Does natural selection favor AIs over humans? Model this!

Dan Hendrycks argues it probably favors the AIs, paper here.  He is a serious person, well known in the area, home page here, and he gives a probability of doom above 80%.

I genuinely do not understand why he sees so much force in his own paper.  I am hardly “Mr. Journal of Economic Theory,” and I have plenty of papers that you could describe as a string of verbal arguments, but here is an instance where I would find an actual model very useful.  Evolutionary biology is full of them, as is economics.  Why not apply them to the AI Darwinian process?  Why leap to such extreme conclusions in the meantime?

Here are two very simple ideas I would like to see incorporated into any model:

1. At least in the early days of AIs, humans will reproduce and recommend those AIs that please them.  Really!  We already see this with people preferring GPT-4 to GPT 3.5, the popularity of Midjourney 5, and so on.  So, at least for a while, AIs will evolve to please us.  What that means over time is perhaps unclear (maybe some of us opt for ruthless?  But do we all seek to hire ruthless employees and RAs?  I for one do not), but surely it should be incorporated into the basic model.  How much ruthlessness do we seek to inject into the agents who do our bidding?  It depends on context, and so is it the finance bots who will end the world?  Or perhaps the system will be tolerably decentralized and cooperative to a fair degree.  If you are skeptical there, OK, but isn’t that the main question you need to address?  And please do leave in the comments references to models that deploy these two assumptions.  (With the world at stake, surely you can do better than those bikers did!)

2. Humans can apply principal-agent contracts to the AI (again, at least for some while into the evolutionary process).  Keep in mind if the AIs are risk-neutral (are they?), perhaps humans can achieve a first-best result from the AIs, just as they can with other humans.  If the AIs are risk-averse, in the final equilibrium they will shirk too much, but they still do a fair amount of work under many parameter values.  If they shirk altogether, we might stop investing in them, bringing us back to the evolutionary point.

Neither of those points are the proverbial “rocket science,” rather they are super-basic.  Yet neither plays much if any role in the Hendrycks paper.  There are some mentions of various points on for instance p.17, but I don’t see a clear presentation of modeling the human choices in a decentralized process.  p.21 does consider the decentralized incentives point a bit more, but it consists mostly of two quite anomalous examples, such as a dog pushing kids into the Seine to later save them (how often?), and “the India cobra story,” which is likely outright false.  It doesn’t offer sound anecdotal empirics, or much theoretical analysis of which kinds of assistants we will choose to invest in, again set within a decentralized process.

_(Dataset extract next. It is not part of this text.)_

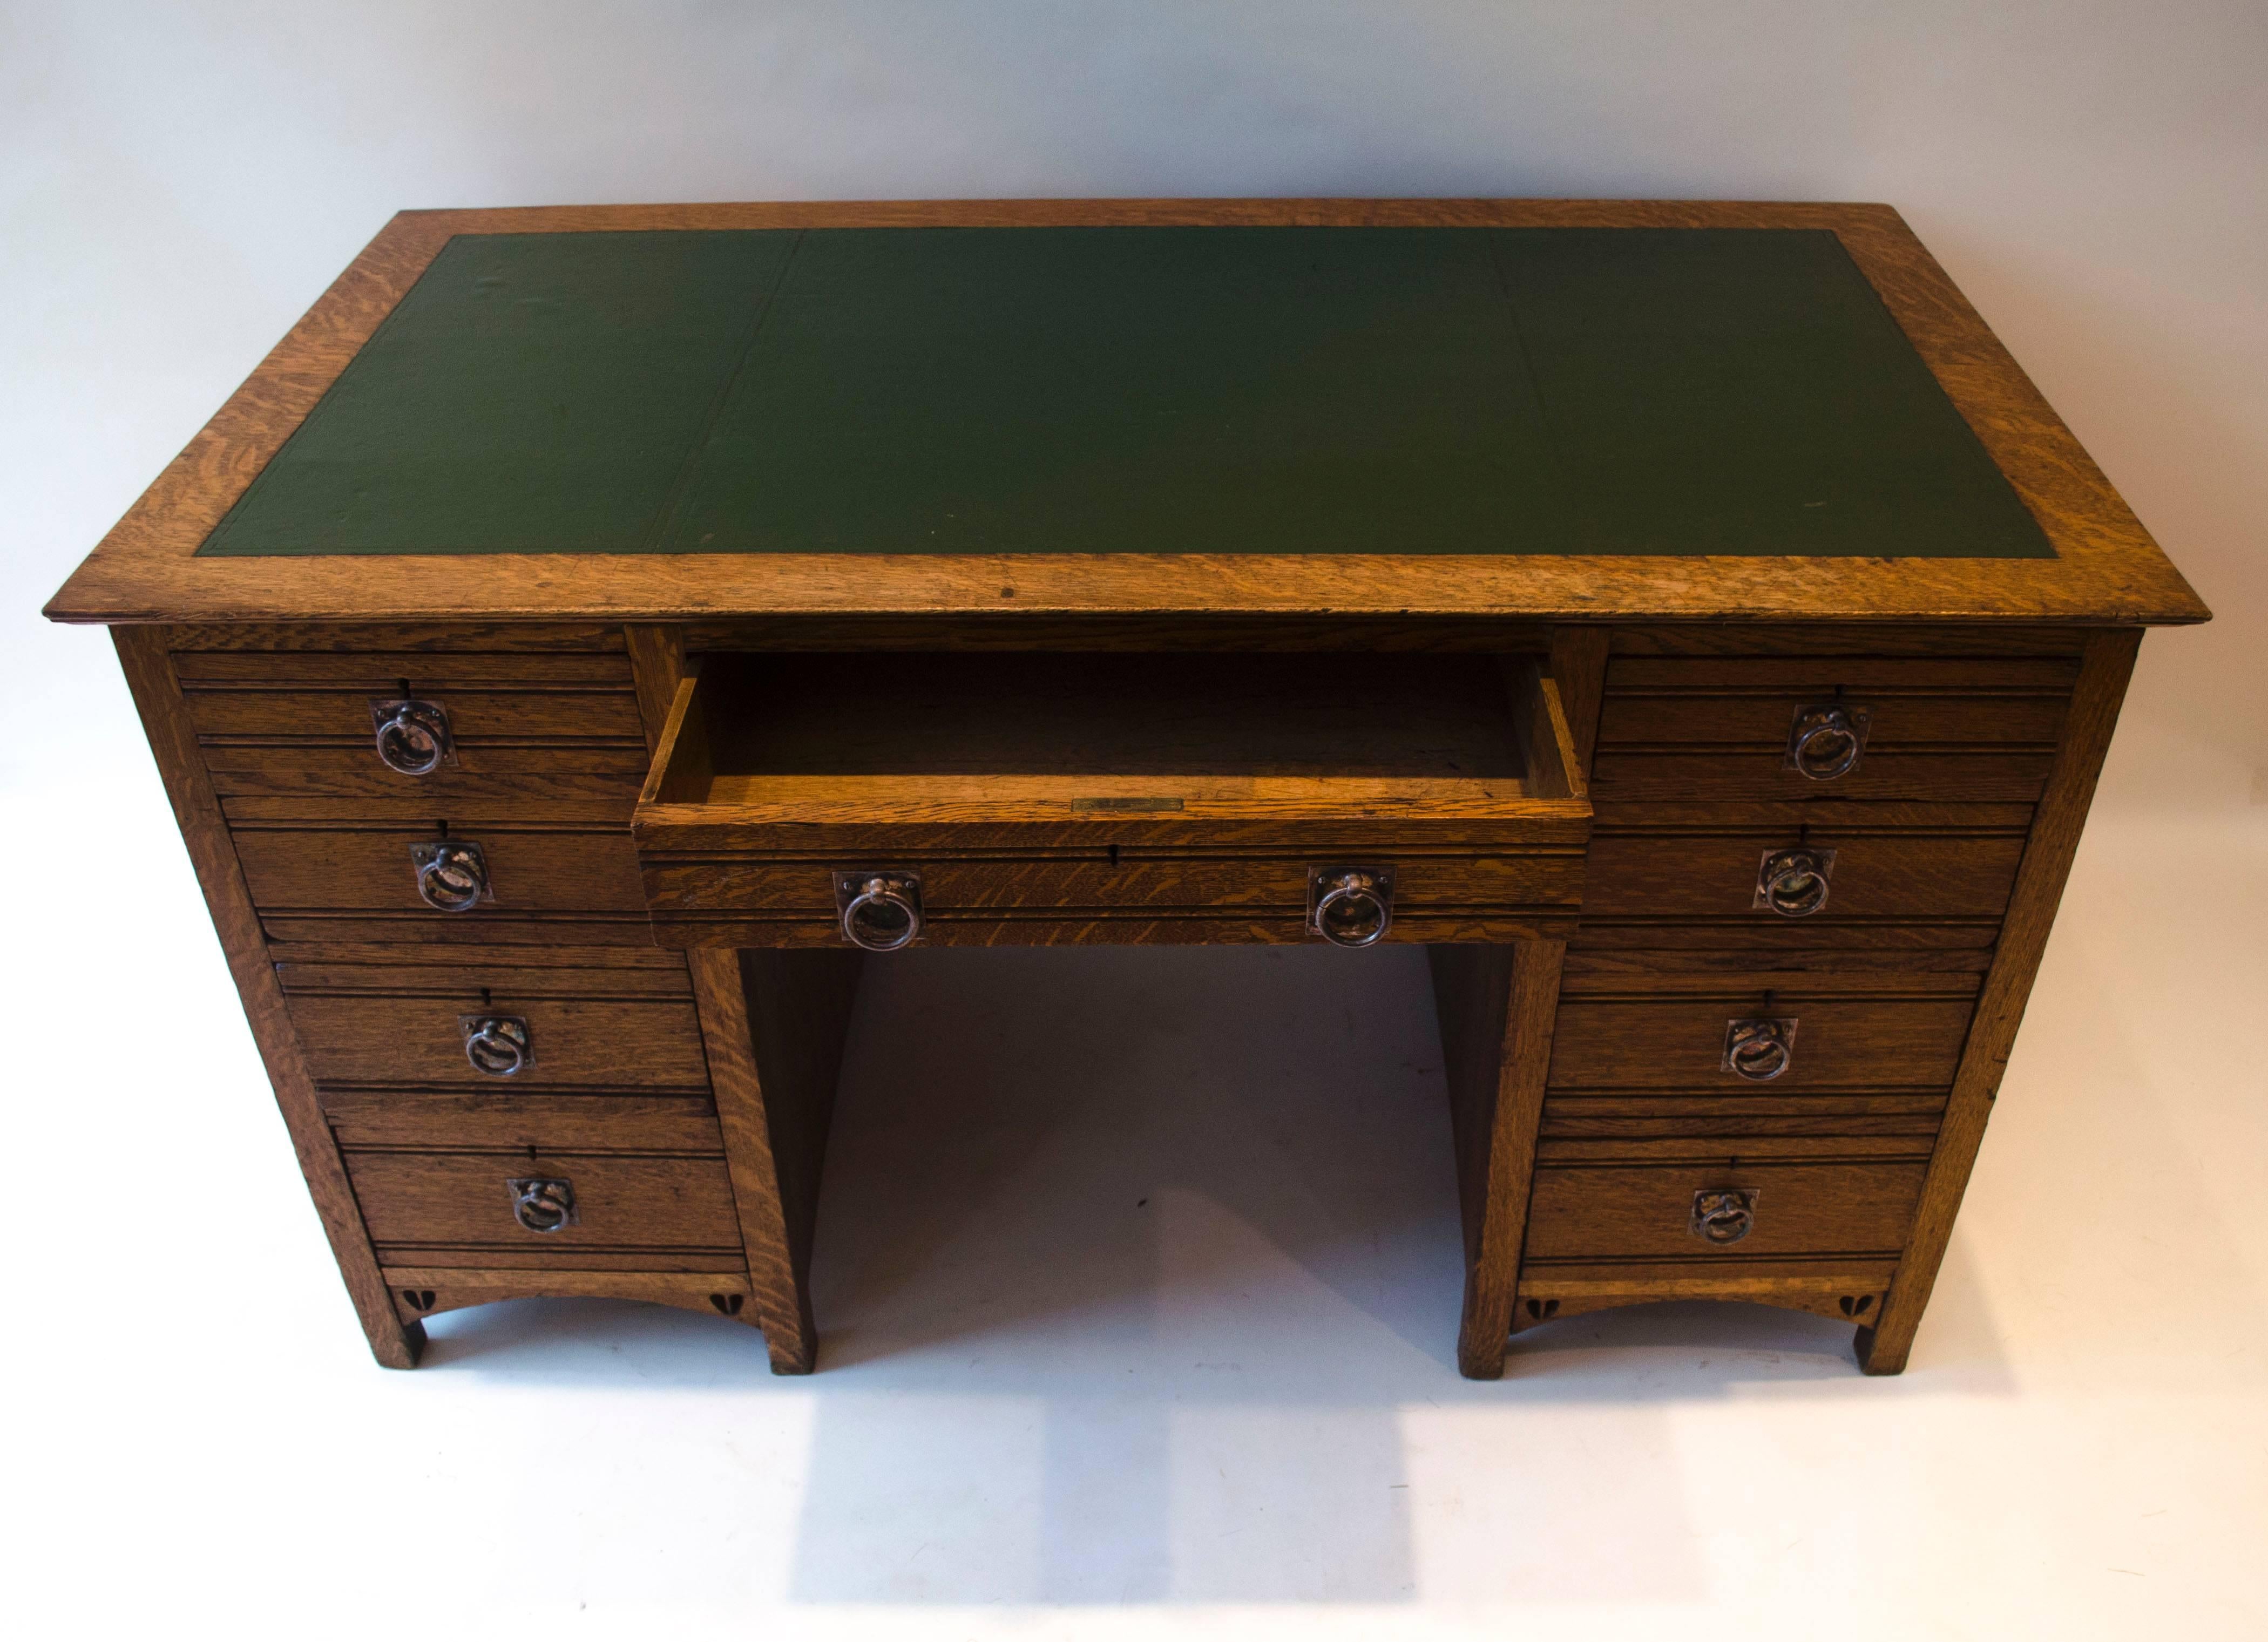 E. A. Taylor for Wylie and Lochhead. 
A pure Glasgow School oak twin pedestal desk with open writing area inset with green leather with tool-worked edges, a central upper drawer with sweeping curves pierced with Taylor's typical twin hearts to each

Dan Hendryks, why are you so pessimistic?  Have you built such models, fleshing out these two assumptions, and simply not shown them to us?  Please show!

If the very future of the world is at stake, why not build such models?  Surely they might help us find some “outs,” but of course the initial problem has to be properly specified.

And more generally, what is your risk communication strategy here?  How secure, robust, and validated does your model have to be before you, a well-known figure in the field and Director at the Center for AI Safety, would feel justified in publicly announcing the > 80% figure?  Which model of risk communication practices (as say validated by risk communication professionals) are you following, if I may ask?

In the meantime, may I talk you down to 79% chance of doom?